Following a Mediterranean-style diet has become quite popular recently, and now there's yet another reason to eat Mediterranean.

Adding to the evidence that the Mediterranean-style diet is good for your health, a team of researchers at the Columbia University in New York claims that it helps delay brain shrinkage in aging humans. According to the researchers, people who follow a such a diet have more voluminous brain than those who do not.

The Mediterranean diet, typically followed in Mediterranean countries like Italy and Greece, is characterized by low amounts of protein and high amounts of vegetables and olive oil in the daily routine.

It is a known fact that the human brain shrinks with increasing age. However, the new study published in the journal Neurology claims that people who eat a diet rich in legumes, fish, vegetables and olive oil, with little dairy, meat and alcohol, experience less brain shrinkage than those who don't.

The researchers asked 674 people with an average age of 80 about their dietary lifestyle in the previous year. Seven months after the subjects completed the survey, the researchers conducted a brain scan of the subjects. The subjects were divided into two groups, depending on how closely their diet resembles the Mediterranean-style diet.

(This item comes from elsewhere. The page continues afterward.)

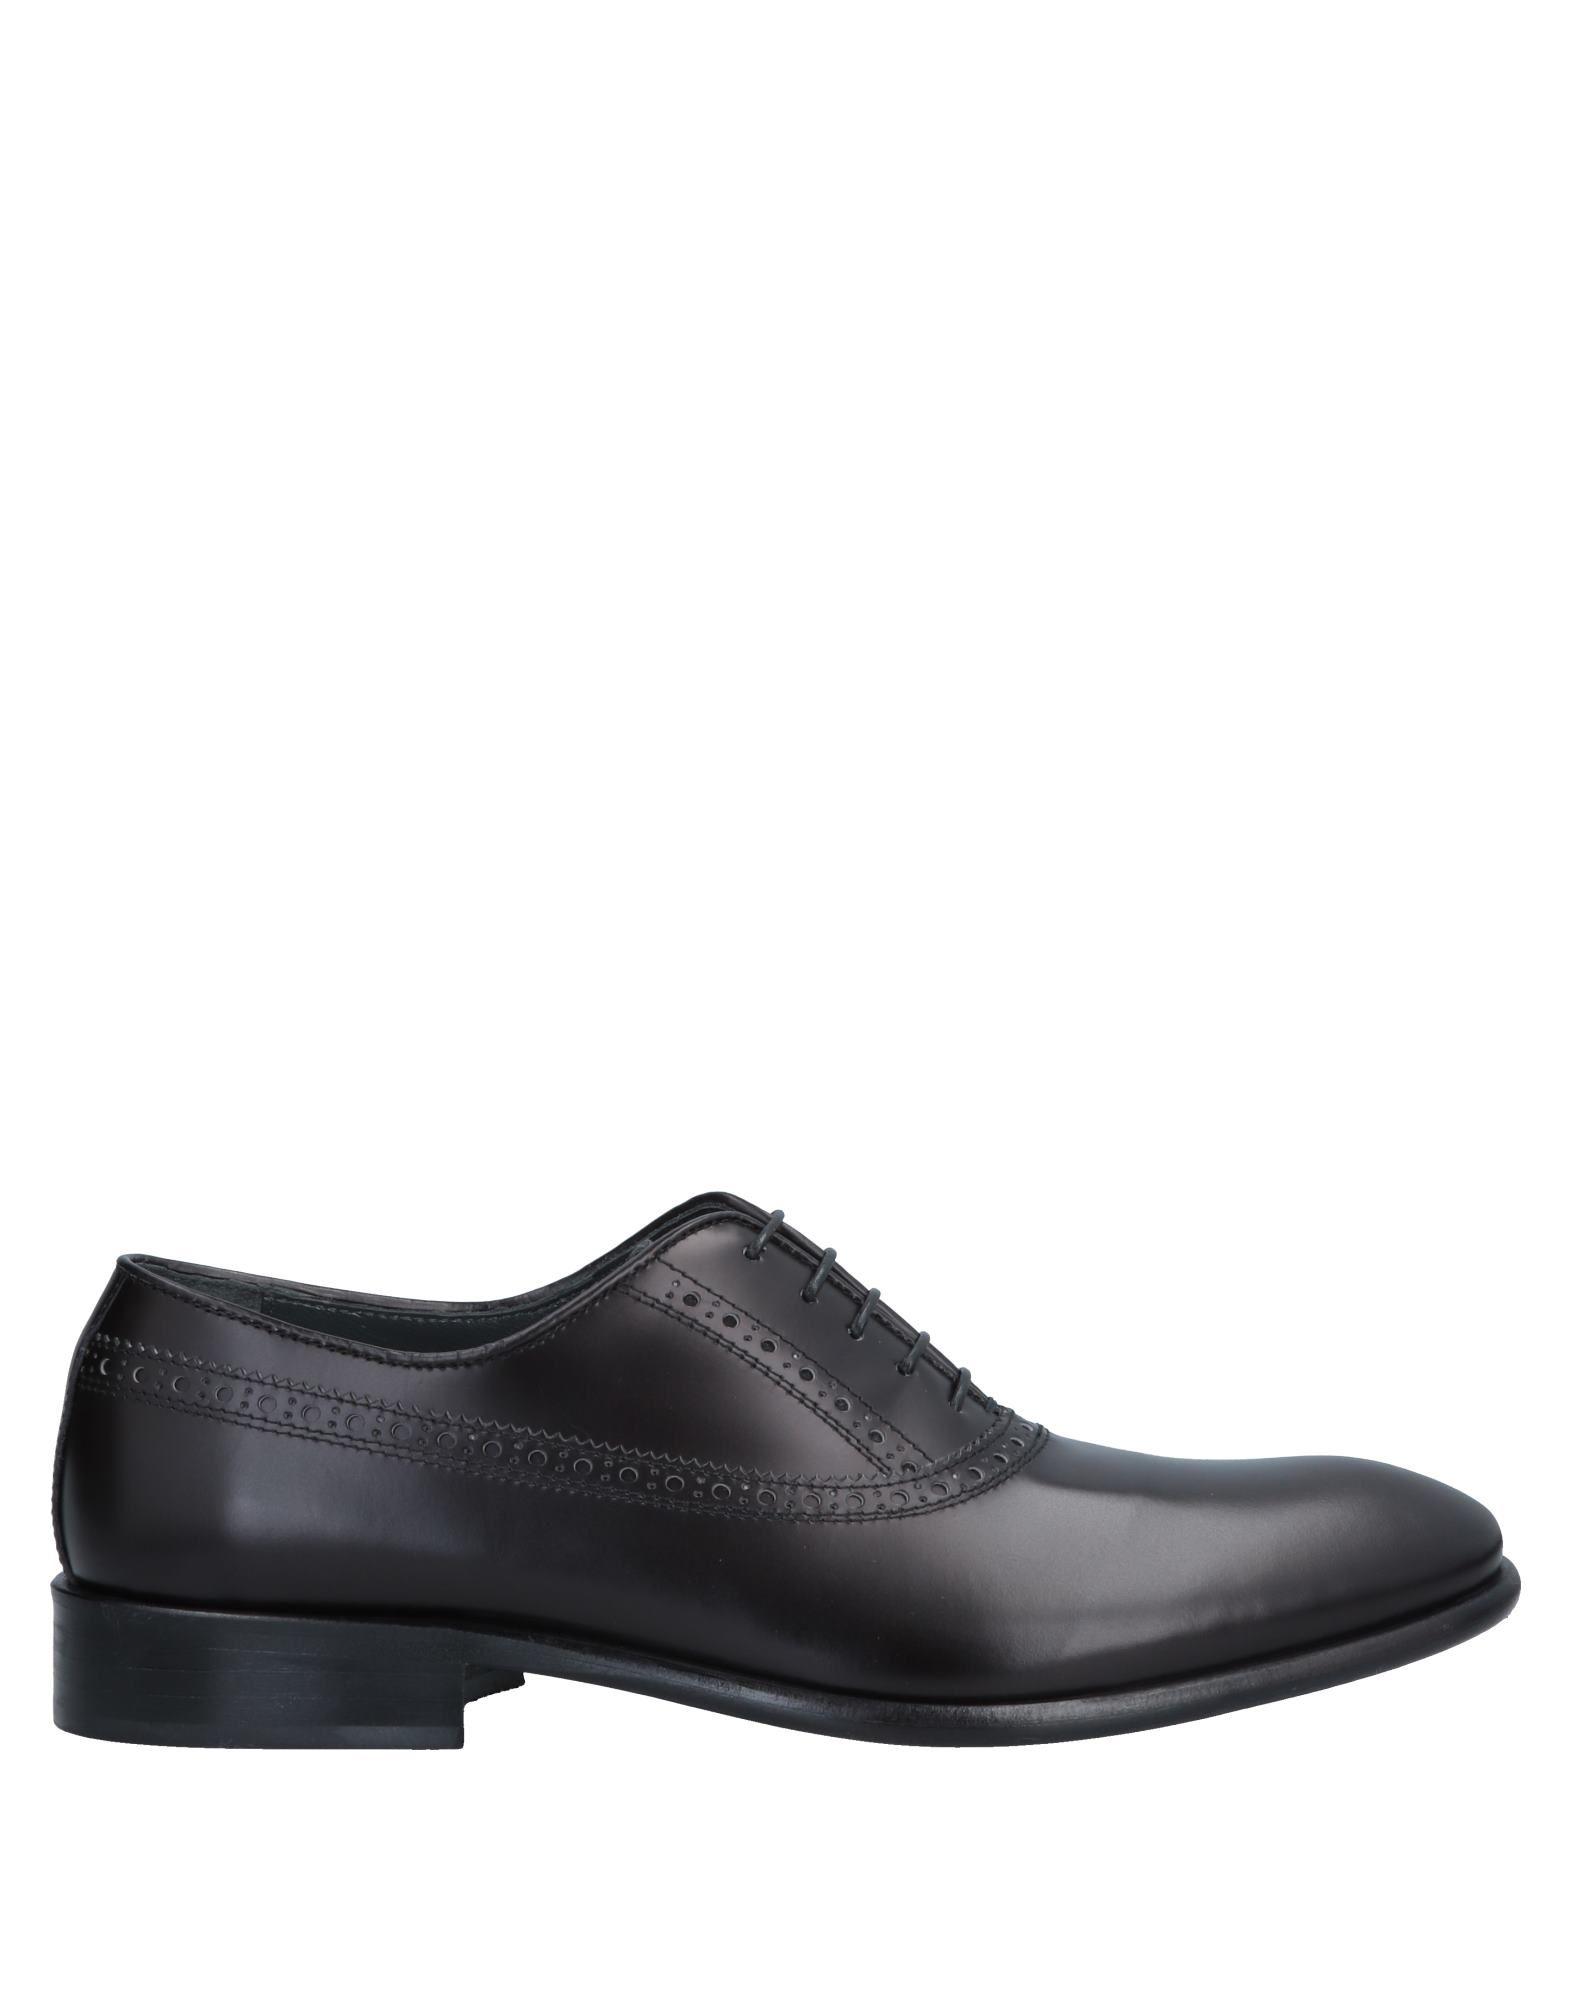 Фото - GIOVANNI CONTI Обувь на шнурках обувь на высокой платформе dkny

In terms of brain volume, the researchers reported a difference of five years of aging between the two groups of subjects. That is, “subjects who followed a Mediterranean-like diet had total brain volume that was 13.11 milliliters larger than those who did not follow the Mediterranean diet,” reported CBS News.

Research conducted in the past has claimed that following a Mediterranean-style diet helps older people perform" younger" in certain ways. A study published in the Journal of the American Medical Association found that people who follow a Mediterranean-style diet are better at performing cognitive tasks.